In some ways, I’ve waited my entire life for this movie.  I discovered Edgar Rice Burroughs in my teens and probably read everything that he wrote that was available in print (with a major exception). So I was well familiar with the John Carter series, my favorite of ERB’s works.  Everyone knows Tarzan of course. Tarzan is probably one of the most successful characters in movie history.  A slightly smaller, but still considerable number may be familiar with his Land That Time Forgot Trilogy, which also spawned movies.  The familiarity of John Carter may be well below that.  Science fiction fans of a certain age may be familiar with the Confederate Captain who went out to Arizona after the war and ended up on the red planet, but how many people, even science fiction fans under age 30 would have even heard of ERB’s Mars series?

But there was a time when Edgar Rice Burroughs was one of the biggest things going in science fiction, long before it was even called science fiction.  Even Ronald Reagan counted himself a fan.  Burroughs almost singlehandedly created the planetary romance genre of science fiction.  Sure it was formulaic; add one dashing Earthborn hero, a beautiful princess, super science, swords, and exotic planetary local, and presto, a rollicking good read.

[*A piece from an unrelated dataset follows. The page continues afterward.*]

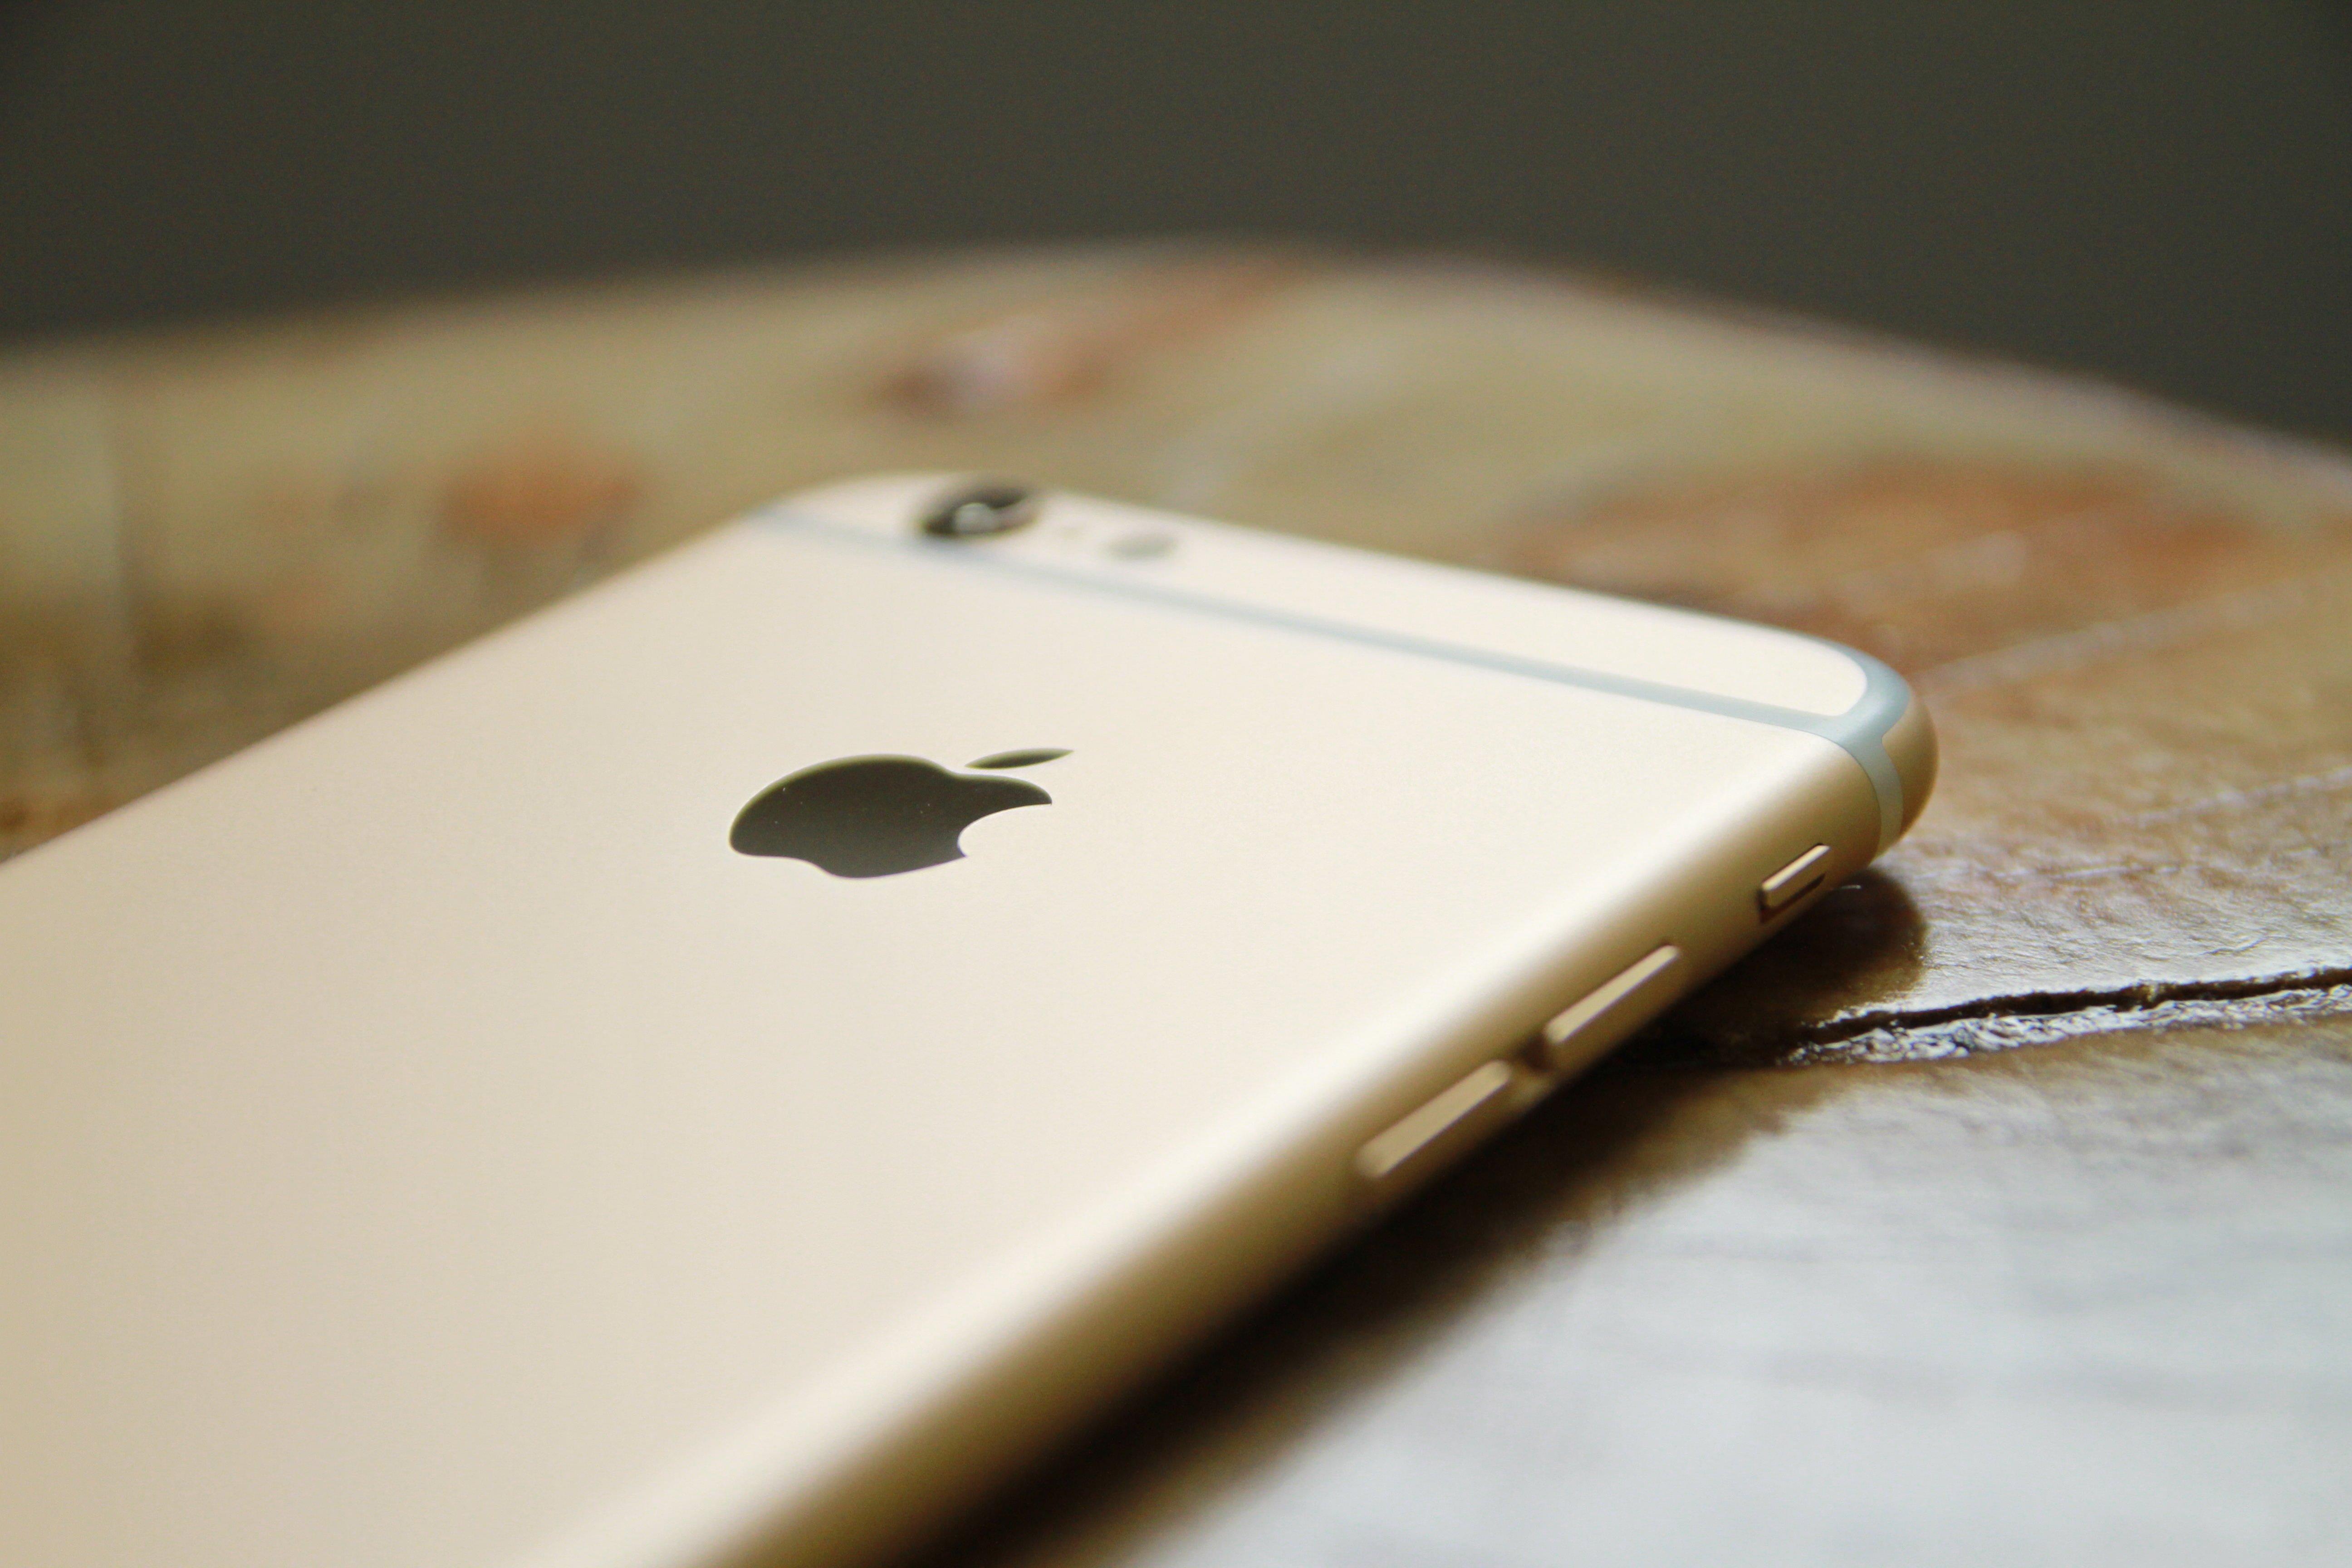 apple_smartphone
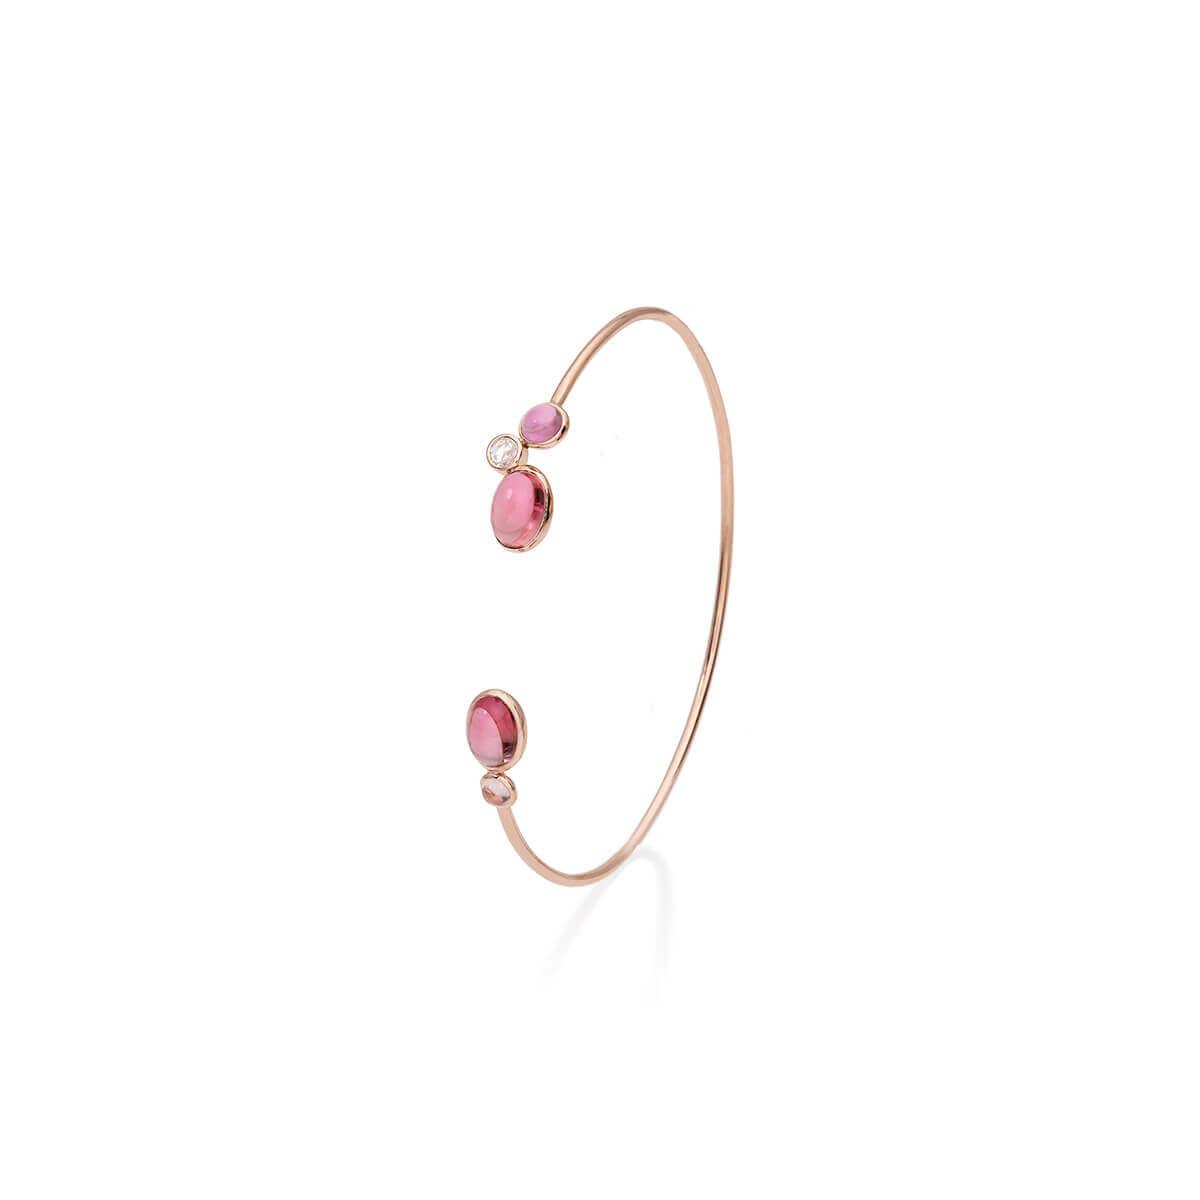 morethanthis-fine-jewelry-myrto-anastasopoulou-dreamer-BRC009

But, who reads Burroughs anymore?  Frankly, who reads anymore?  The natural initial entry into reading Burroughs or science fiction in general is the teenage years, but how much reading is getting done by teenagers these days?  Teenage boys play video games, lots of them.  From their point of view, the enjoyment from reading a book or a story about a space adventure has a more limited payoff than playing a video game where you can almost become the character.  Although my son can play Star Wars Old Republic for hours on end, I doubt he would get the same entertainment value from reading an Old Republic book.

There were no video games above the pong level when I was a teenager, so I read books.

But people my age don’t determine what a Hollywood blockbuster is and what isn’t.  Young people that go to the movies do, and who is John Carter to them?  That’s why I wasn’t surprised to see an article like this:

Hollywood is in a tizzy over the early tracking which just came online this morning for Walt Disney Studios’   John Carter opening March 9th. “Not good. 2 unaided, 53 aware, 27 definitely interested, 3 first choice,” a senior exec at a rival studio emails me. Another writes me,”It just came out. Women of all ages have flat out rejected the film. The tracking for John Carter is shocking for a film that cost over $250 million. This could be the biggest write off of all time.” I’m hearing figures in the neighborhood of $100 million. And the studio isn’t even trying to spin reports of the 3D pic’s bloated budget any more.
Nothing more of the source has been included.